X manipulates the young adult children and tells them things I communicated by turning them inside out and making me out to be a liar etc..... Written communication at least provided evidence that mom was not distorting facts and truth, and kids could not even deal with this. Is mom or dad providing facts (...about a kid, not adult stuff).

Now, 5 years later I e-mail X kids issues, and cc the e-mail to all the kids. I address all issues especially where he gives mixed messages, playing good guy/victim to kid and then screwing kid over in his need to continue his conflict with me.

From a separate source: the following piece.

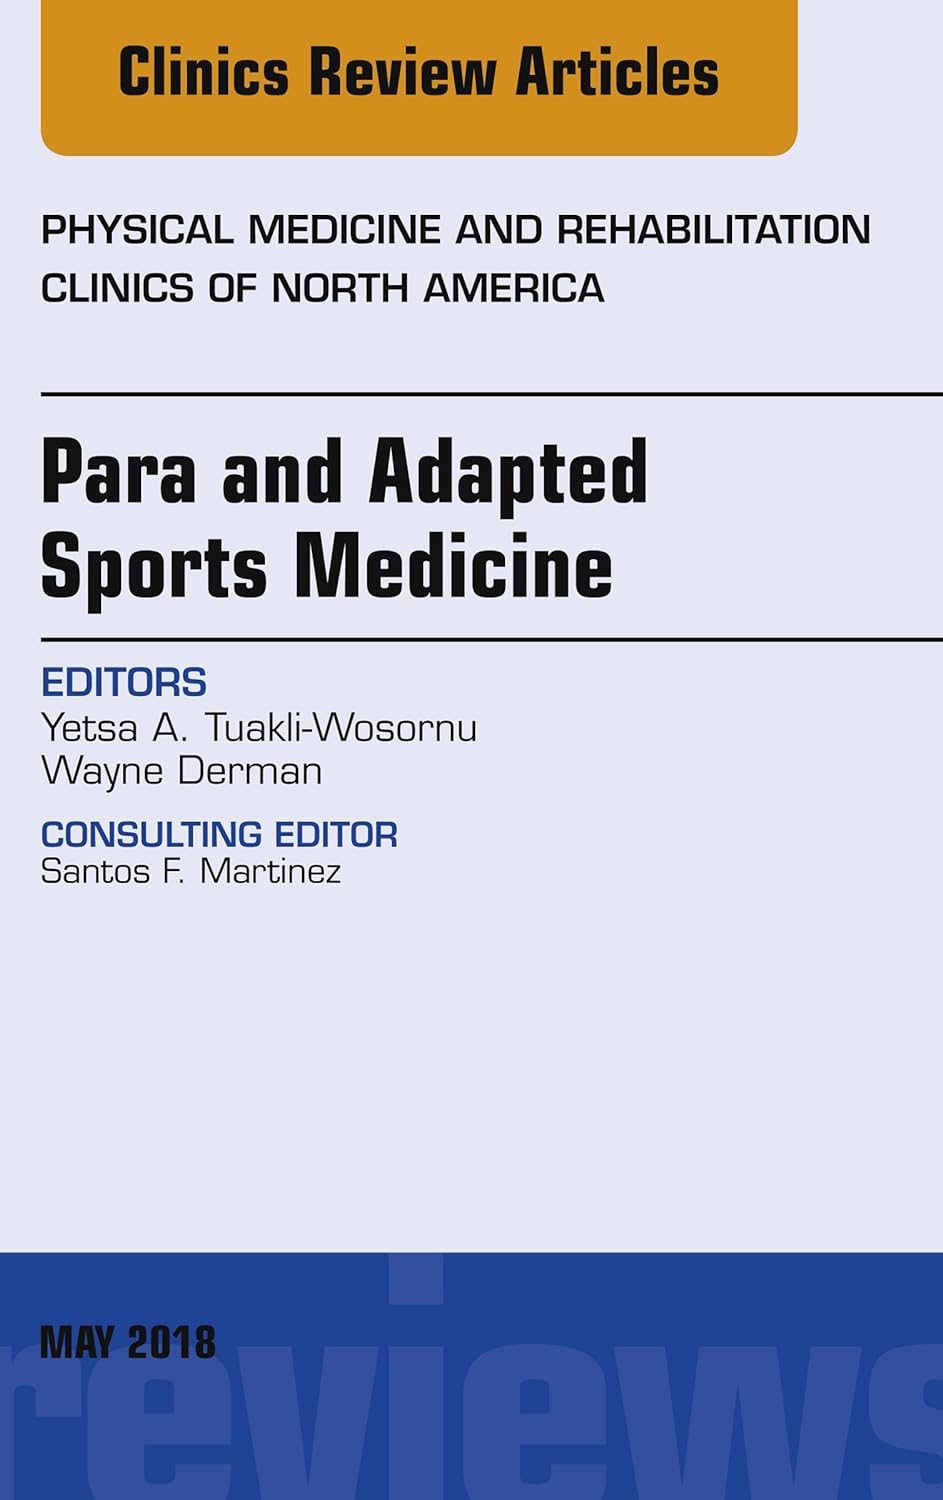 Para and Adapted Sports Medicine, An Issue of Physical Medicine and Rehabilitation Clinics of North America (Volume 29-2) (The Clinics: Orthopedics, Volume 29-2) (Original PDF) by Yetsa A. Tuakli-Wosornu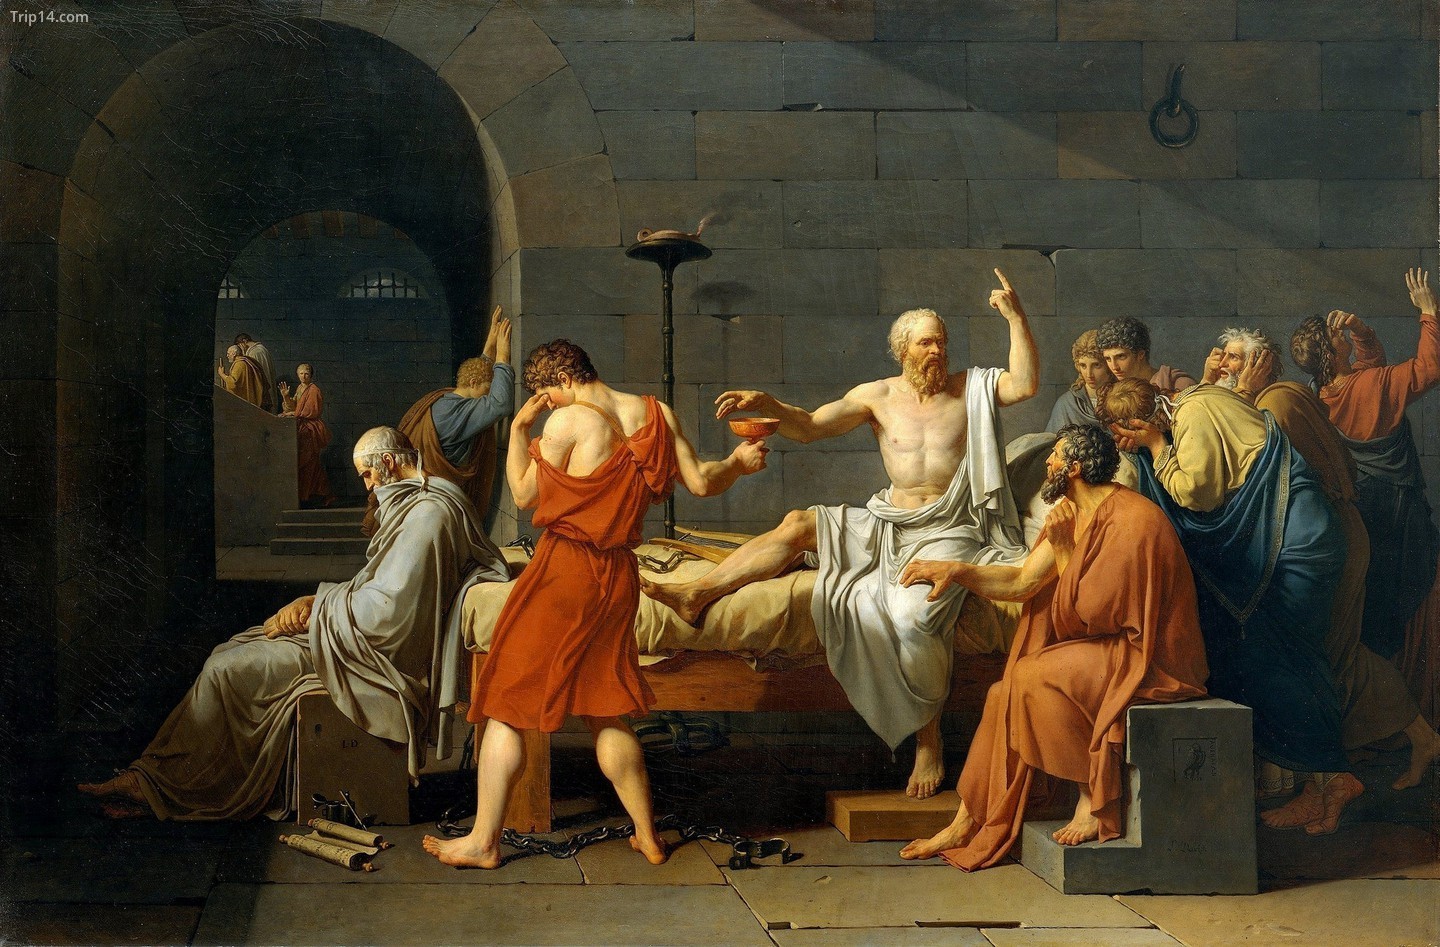  David, Cái chết của Socrates, 1787   |

Amazing how the double talk and lies in this respect are finally making an impact on the most vulnerable kids who have bought his package of lies and been so damaged in the past. I simply want to break this cycle and dysfunctional pattern where kids are alienated not only from me, but more importantly from each other.

After 5 years it is time for X and his wife to move on with their lives and allow the children to do so as well.
I only get drawn back into his game playing when this crud is going on and it is brought into my home by real chaos in a kids life that has required massive and critical interventions. Time for X to stop the chaos, but that is his choice, just trying to get kids to not allow their lives to be turned upside down...over and over again, due to their father's agenda and their need not to be discrded...again and again.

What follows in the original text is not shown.